AFAIK, The only way to avoid giving up the core is to busy wait and using thread affinity to lock your thread to a core. This prevent minimises such a disturbance and means your program can runs 2-5x faster in low latency situations i.e. when sub-millisecond tasks matter.
For your interest
http://vanillajava.blogspot.co.uk/2012/01/java-thread-affinity-support-for-hyper.html
http://vanillajava.blogspot.co.uk/2012/02/how-much-difference-can-thread-affinity.html

When you're thread goes to sleep you're essentially saying to the JVM: This thread is doing nothing for the next X milliseconds. The JVM is likely at that point to wake up various background threads to do their thing (GC, for example), which may well cause updates to data stored in the processor cache. When you're thread reawakes, some of its data may no longer be in the cache (fast), but may well be shifted out to main memory (slow).
Take a look at http://mechanical-sympathy.blogspot.co.uk/ for more discussion of low level caching effects.

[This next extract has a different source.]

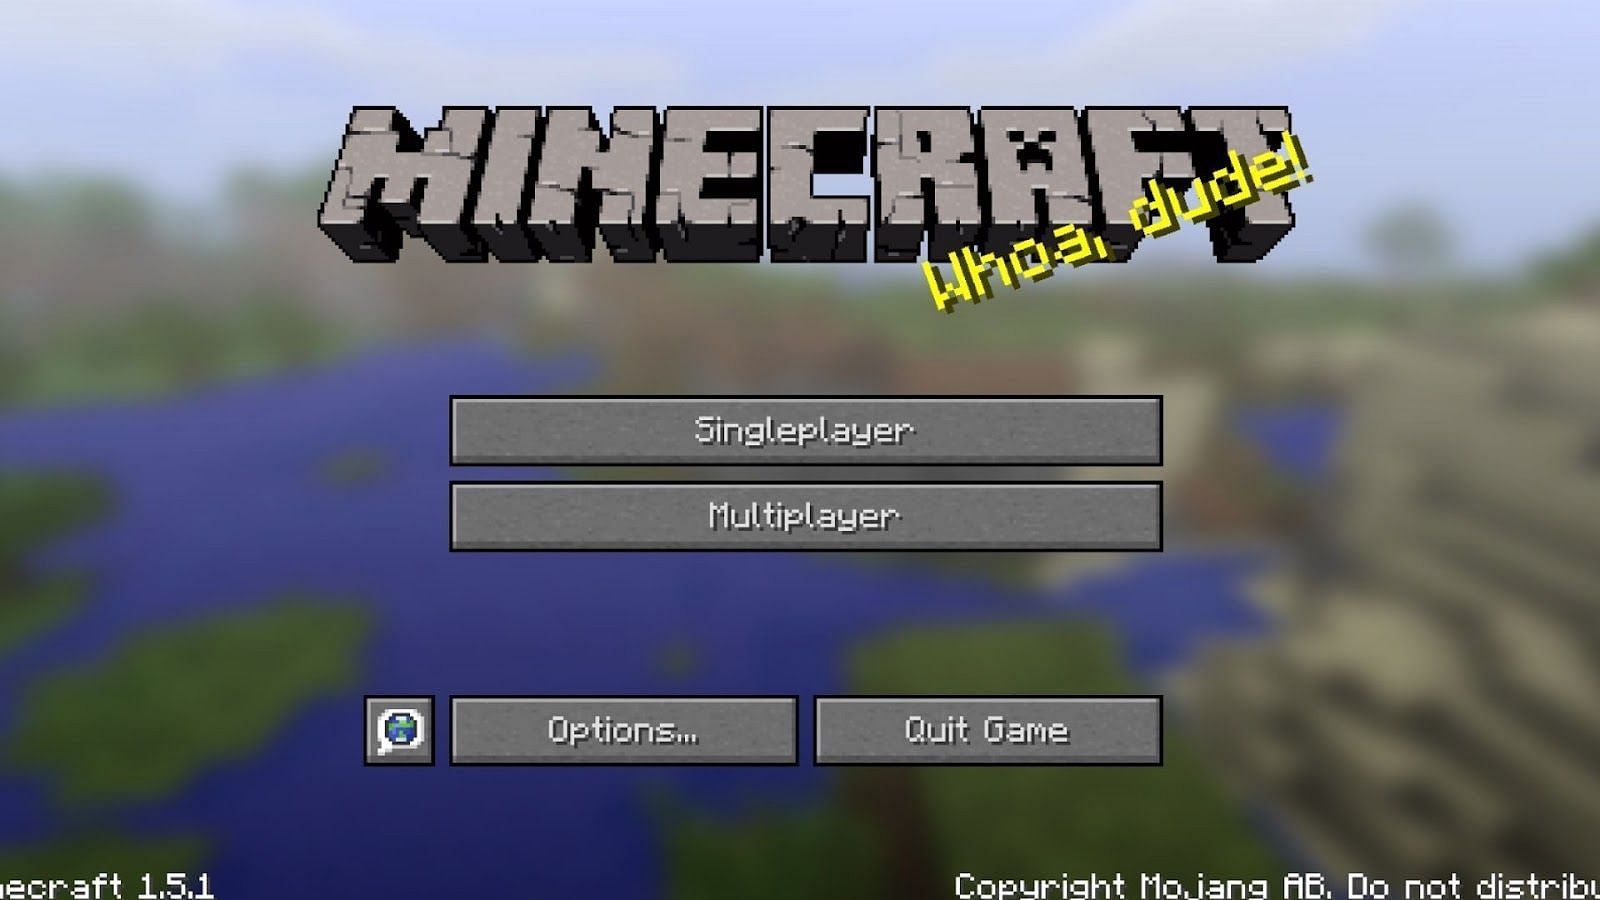 An iconic homepage - Minecraft defined a decade (via Mojang)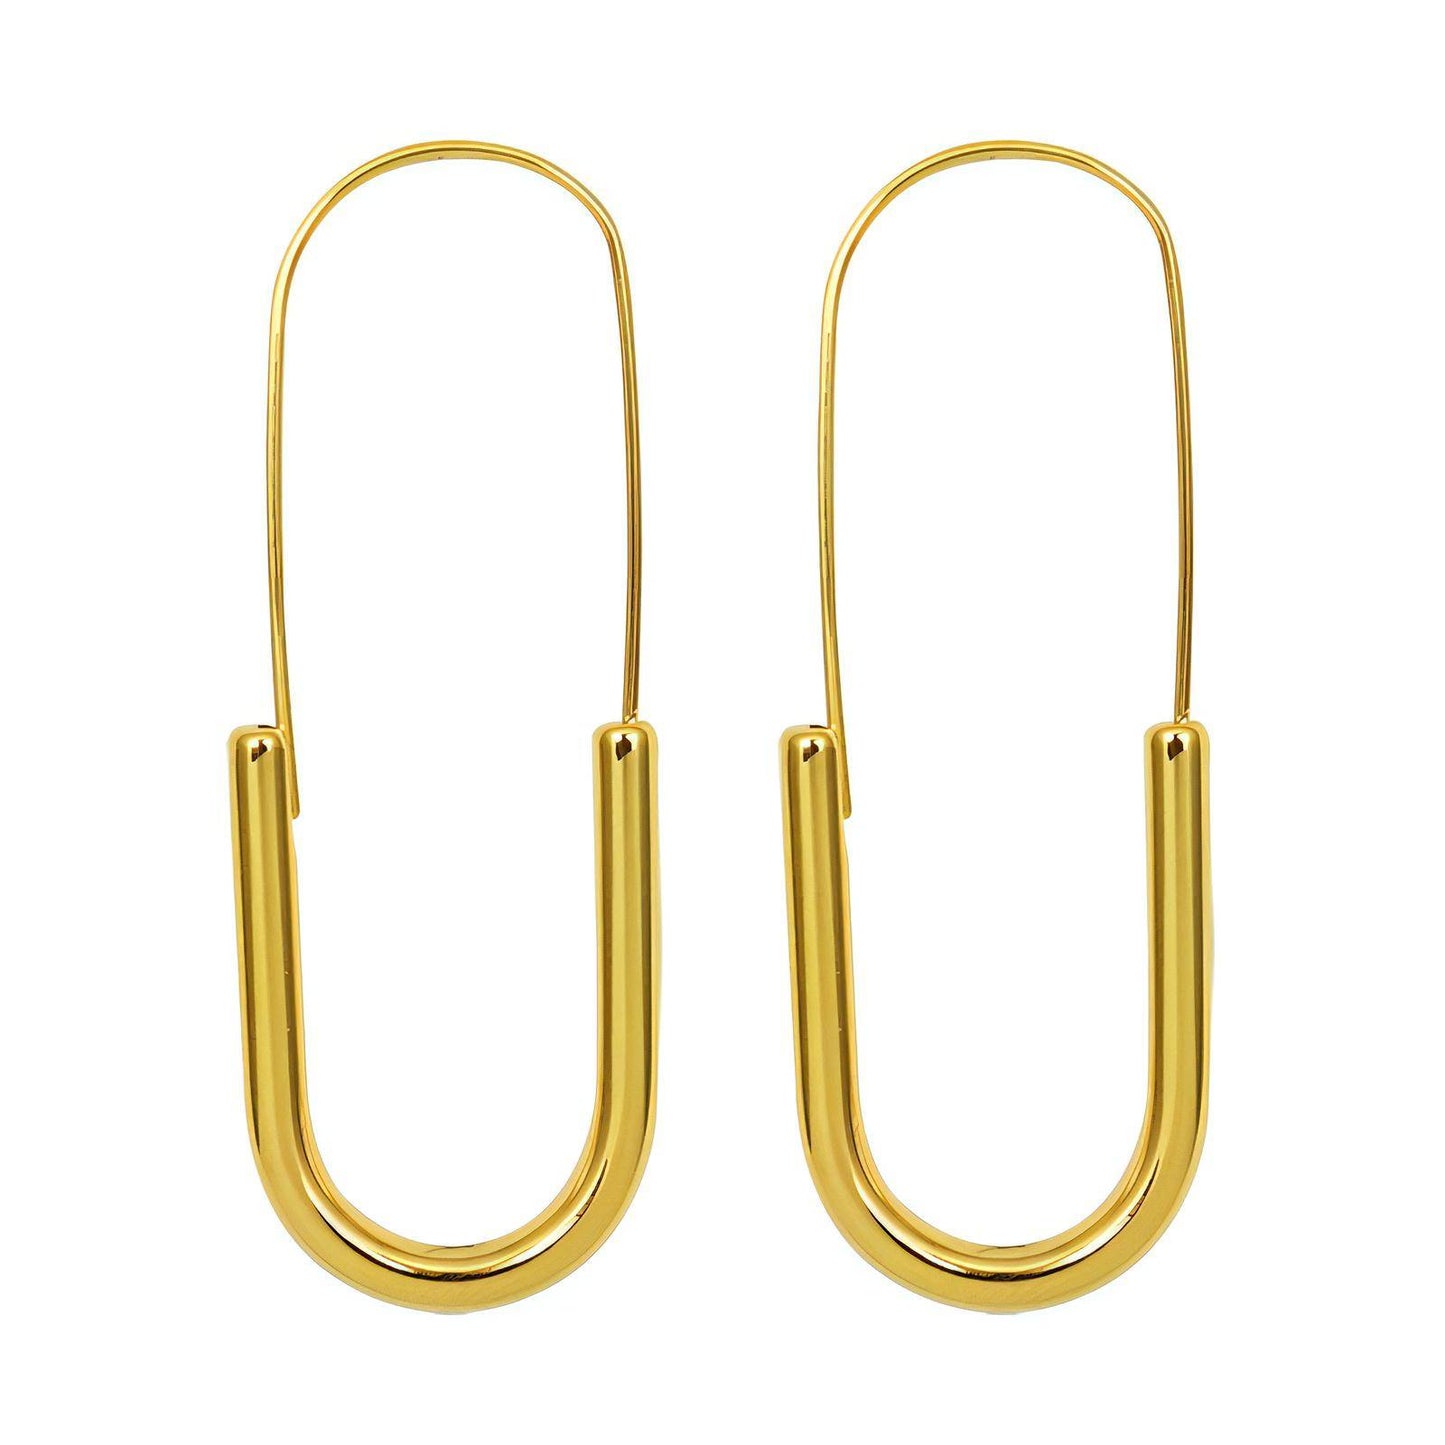 18K gold plated Stainless steel  Safety pin earrings

There is no guarantee that sleep() sleeps for exactly the length of time you specify. There is a specific statement in the Javadoc to that effect.
System.currentTimeMillis() has a system-dependeny granularity which you are exposing by running such relatively few iterations as 2000. You should multiply that by at least 10 to get out of the granularity region. On Windows I believe it is as high as 16ms.